1904. Daily Chron., 29 Oct., 8/3. A tramp-like personage stands sentinel complacently over a terrific bulldog.
1887. Leamington Spa Courier, 30 April, 5/6. Persons willing to undertake the duties of *Tramp Master at the Workhouse.
1895. Daily News, 5 Oct., 6/6. He maintained that the trampmaster in Salford, had some knowledge of human nature.
1813. G. Robertson, Agric. Surv. Kincardine, vi. 238. The *tramp-pick is a kind of lever, of iron, about four feet long, and an inch square in thickness, tapering away at the lower end, and having a small degree of curvature there . It is fitted with a foot step on which the workman presses with his foot.
1844. Stephens, Bk. Farm, I. 372. An iron tramp-pick to loosen the subsoil immediately under the mould, and raise the boulder stones . The tramp is movable, and may be placed on either side to suit the foot of the workman, where it remains firm at about 16 inches from the point, which gradually tapers.
1895. Westm. Gaz., 17 Jan., 8/1. What the foreman thought he at once spotted as a *tramp-printer entered the office and asked to be allowed to try his hand at the case.

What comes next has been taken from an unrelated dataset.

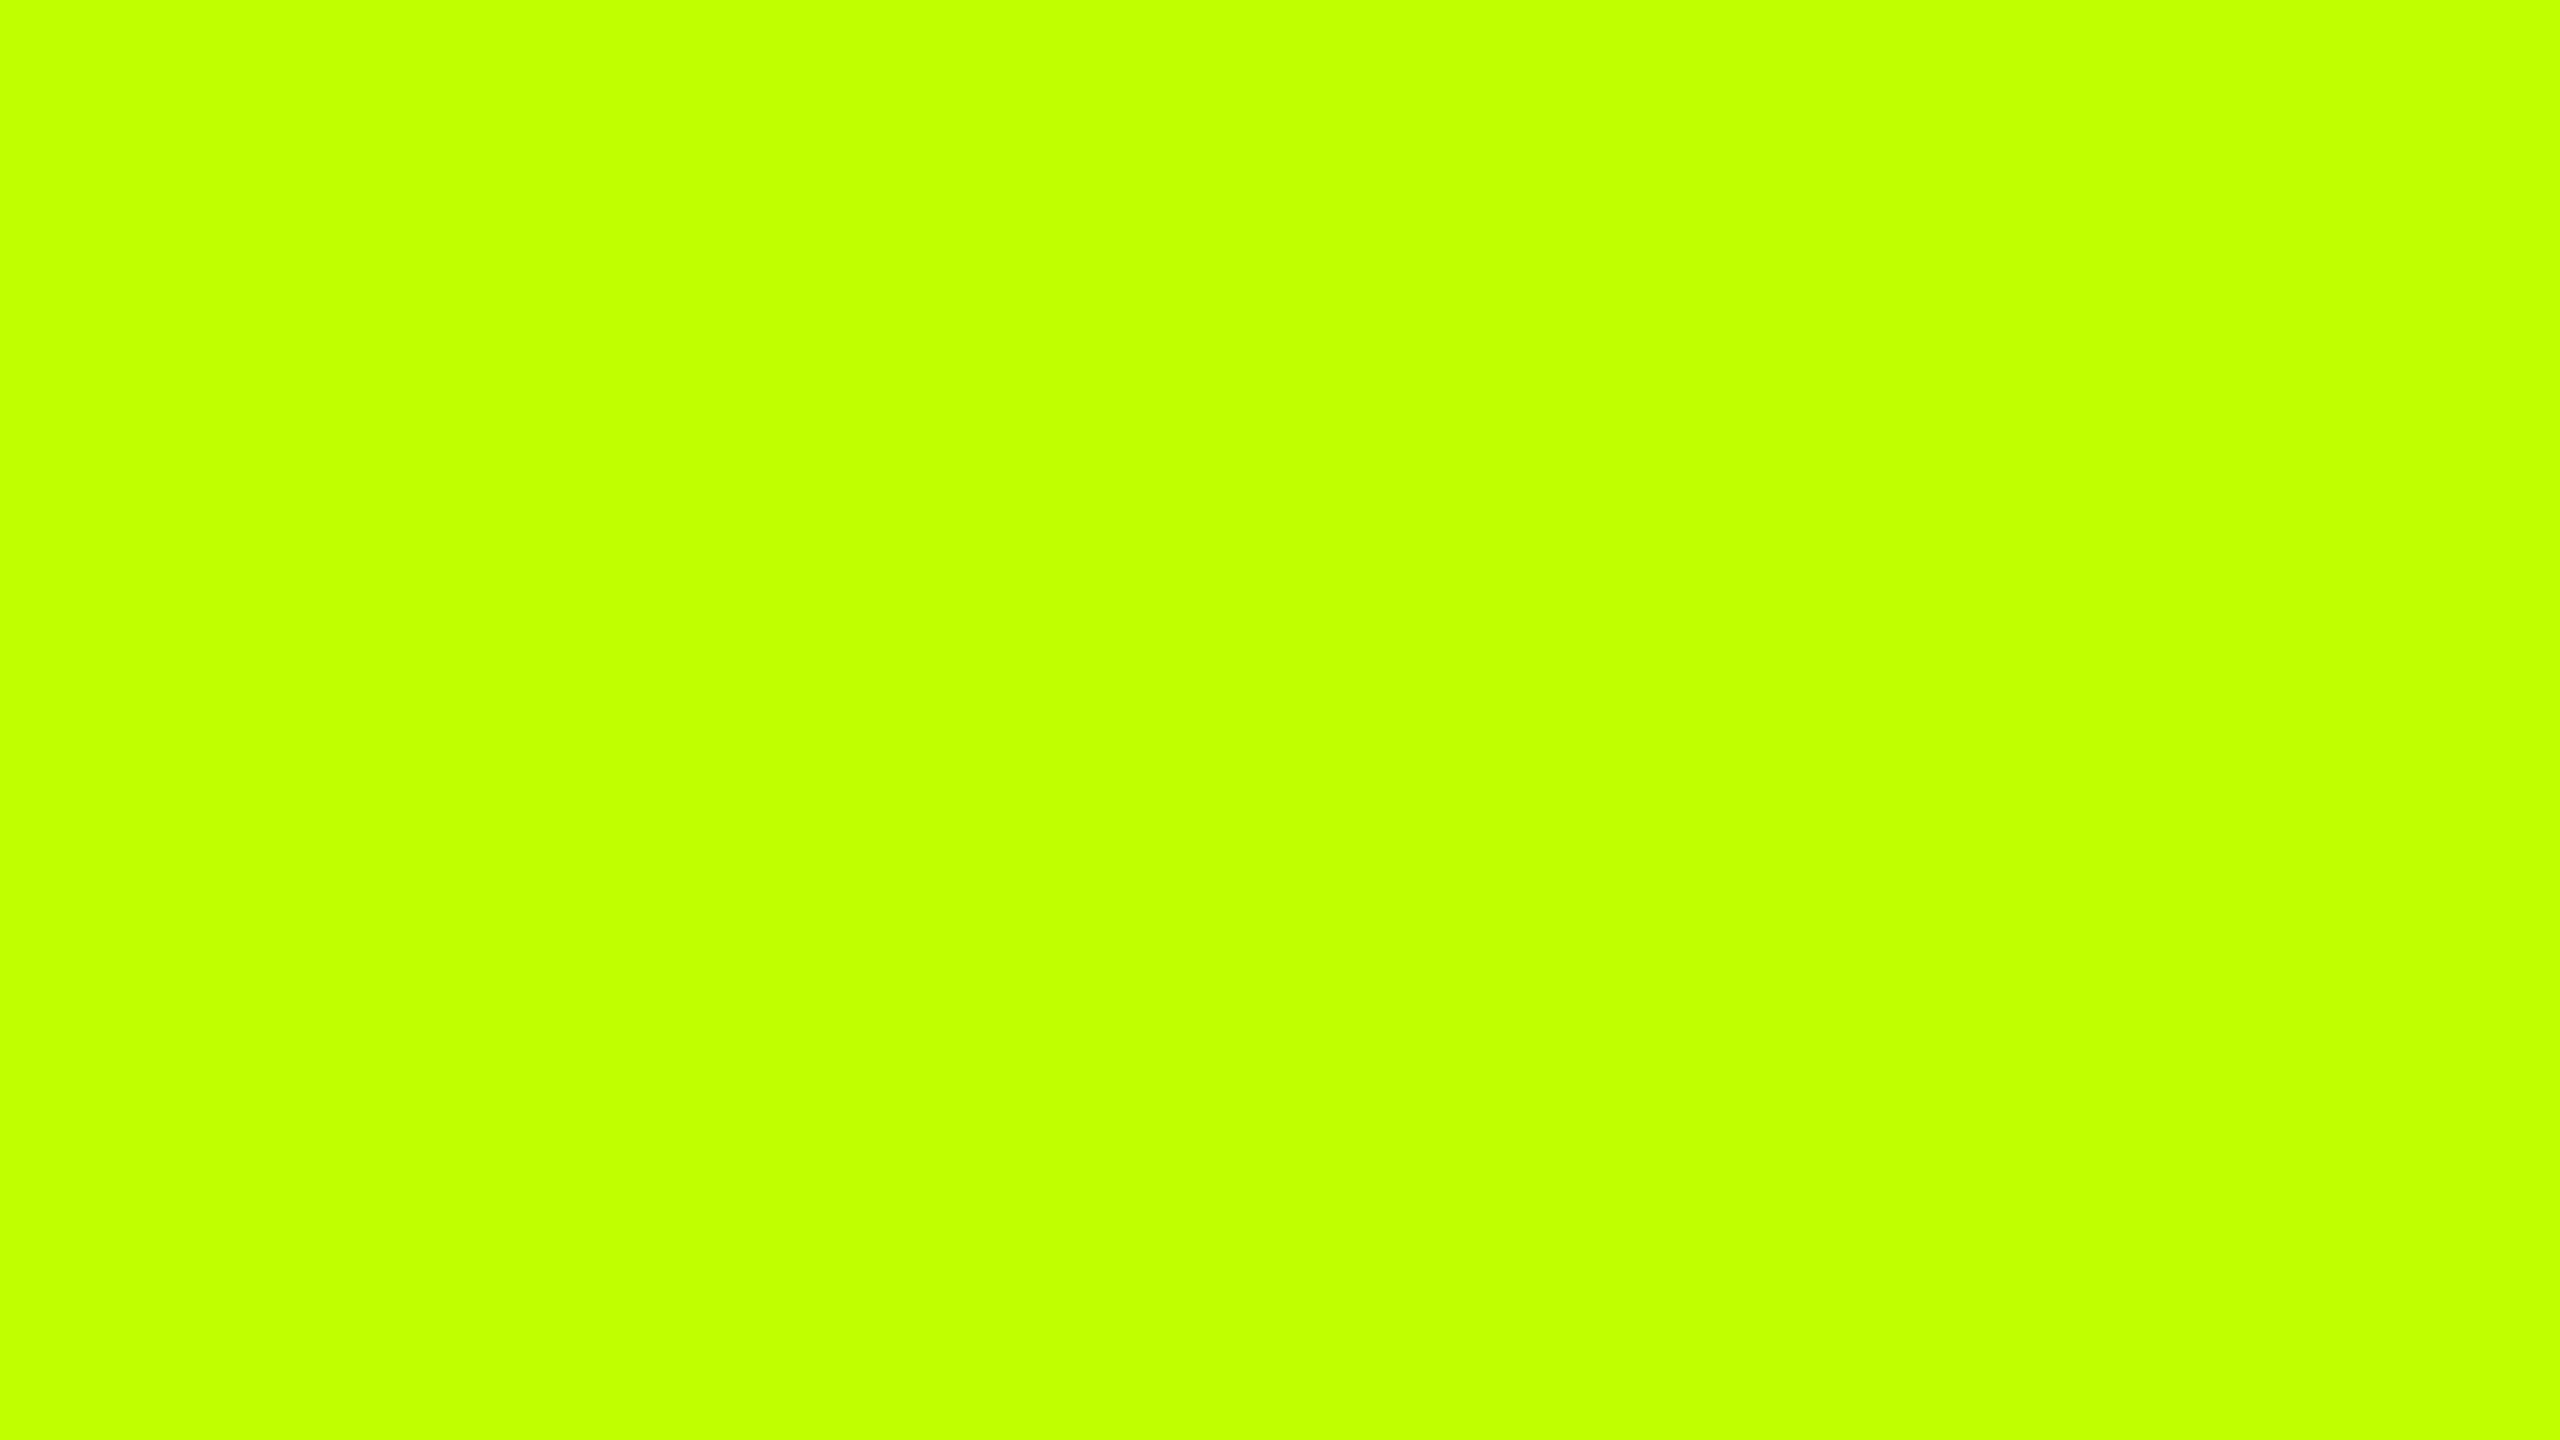 This Neon Green Desktop Wallpaper Is Easy Just Save The

1799. J. Robertson, Agric. Perth, 220. In making *tramp-ricks, they ought to be secured, by one rope over the top, in the direction of that point from which the most violent winds are expected to blow , or by two transverse ropes, which is the surest way.

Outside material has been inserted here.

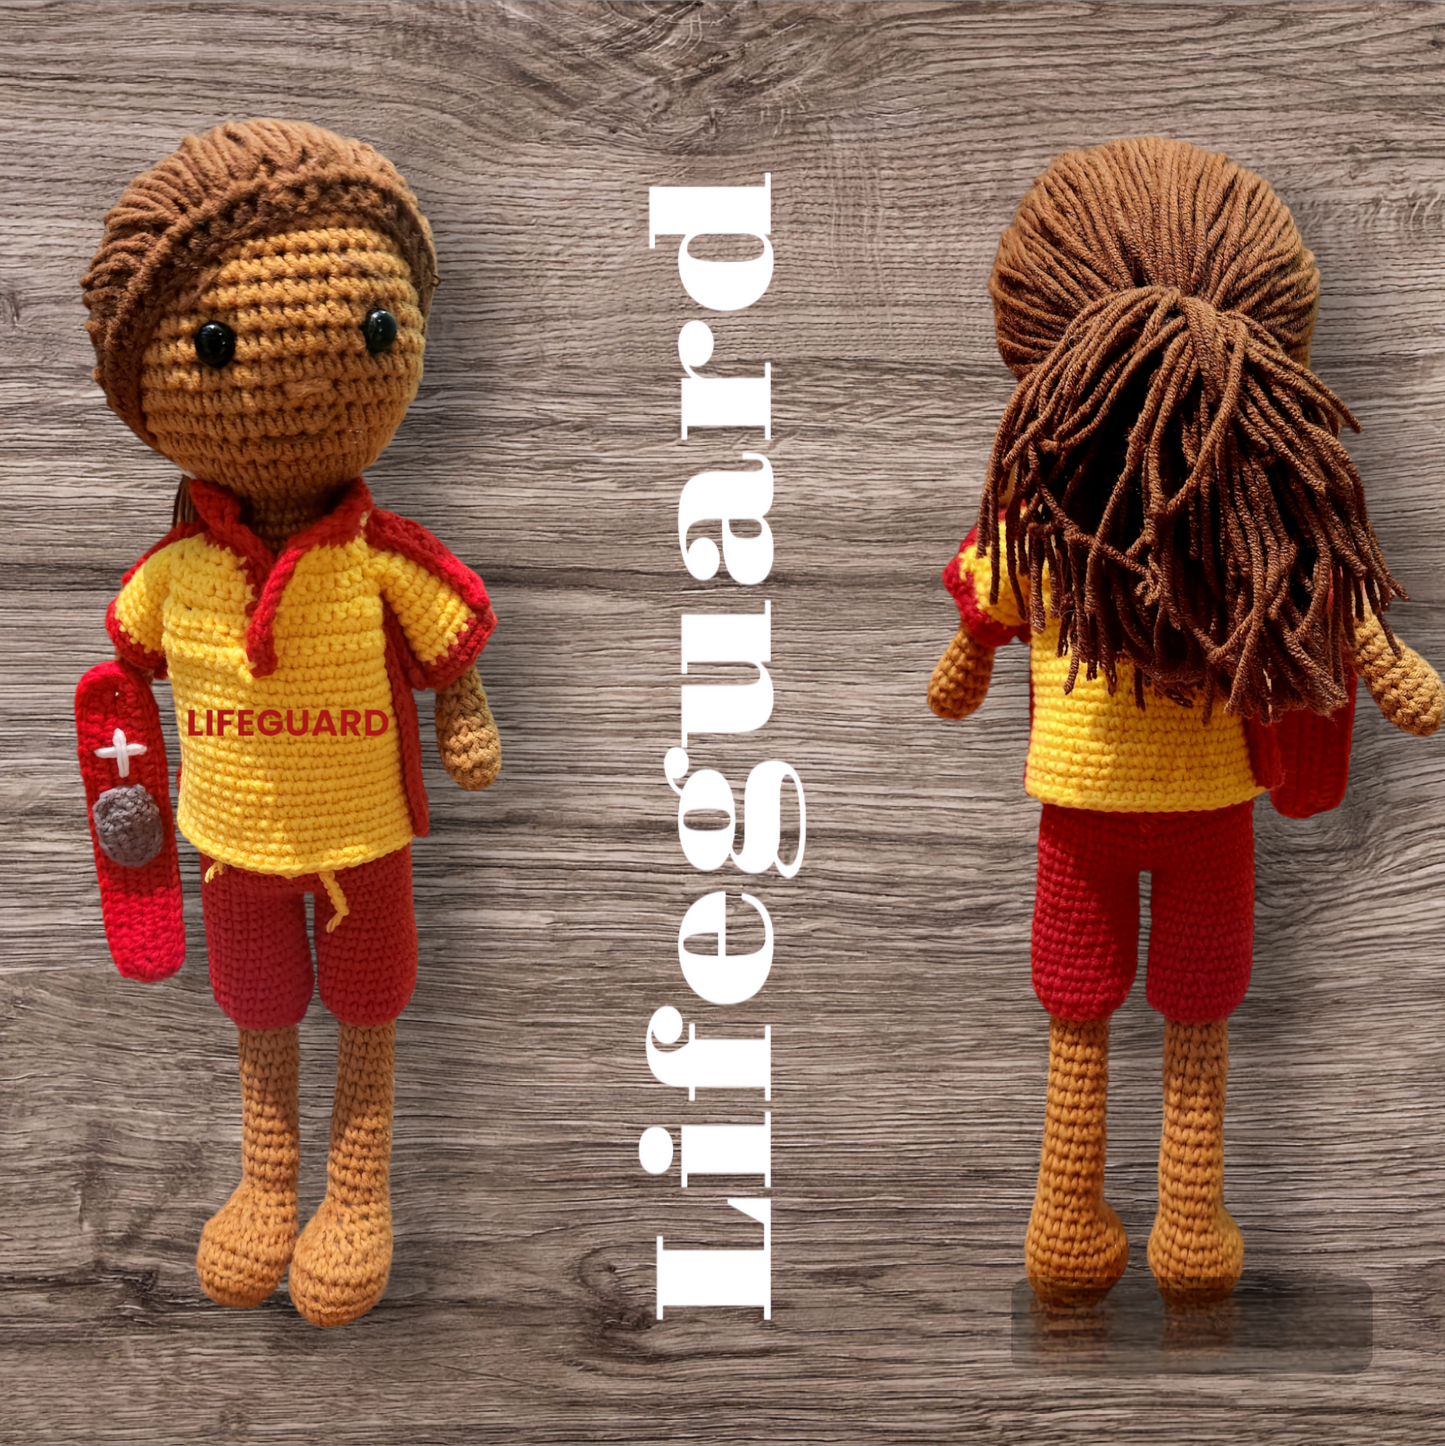 Lifeguard Companions: Personalized, Durable Playmates - Order Now!

1812. Sir J. Sinclair, Syst. Husb. Scot., I. 396. After it [hay] has been a short time in small cocks, it ought to be put up in what are called tramp ricks.
1588. Exchequer Rolls Scot., XXI. 412. For making of 36 dawarkis of hay and for wynning and putting of the samyn in *tramp ruckis.
1905. Blackw. Mag., Dec. 817/2. The poor animal fulfils his function as a *tramp-scarer.
1843. Times, 27 Feb., 6/2. We have usually from 40 to 50 vagrant poor every night in our *tramp-ward.
1906. Westm. Gaz., 14 May, 12/2. [One] who, disguised as a tramp, has spent days and nights in tramp-wards, lodging-houses, and shelters.
Hence Trampage, the habit or condition of a tramp, vagrancy (U.S.); Trampdom, the realm or sphere of tramps; Trampess, a female tramp; Trampish a., like or like that of a tramp; Trampishly adv., in a trampish manner; Trampism, the practice of going on tramp.
1894. Chicago Advance, 3 May. A menace, a nuisance all along the line of their *trampage.
1897. Plantation Missionary (Oberlin, Ohio), Dec. The poor [may be] rescued from pauperism, trampage and crime.
1868. Preston Chron., 30 May, 6/3. Travelling straight to a town, according to the geography of *trampdom, often means going as crookedly to it as possible.
1895. Century Mag., Oct., 945/1. The love of liquor brings more men and women into trampdom.
1875. Reading Times, 24 July, 4/5. An Easton *trampess recently appeared with gold rings on her fingers and handsome earrings.
1897. Raine, Welsh Singer, 95 (E.D.D.). She was a trampess who died in John Powys barn.
1861. Sala, in Temple Bar Mag., III. 299. A *trampish woman with a tambourine.
1890. New York Sun, Feb. The depot policeman was shoving a trampish-looking man out of the place.
1893. Kansas Chief, 14 Dec., 2/2. This circular was no doubt issued for a demagogical purpose, to attach to himself [the Governor] all the elements *trampishly inclined.
1889. Harpers Mag., Nov., 831/2. The battered folding-doors trampishly lean against the walls.
1875. Vermont Watchman, 7 July, 2/3. They are tramps of the worst kind,tramps armed and organized; and if anything can be found worse than *trampism organized and armed, it is yet unknown to the world at large.
1893. Columbus (Ohio) Dispatch, 5 Sept. The plans will check idiotic processions and trampism, and men who will not work will get out of the city.
1894. in Review of Rev., May, 608/2. I make no defense of trampism nor vagabondage.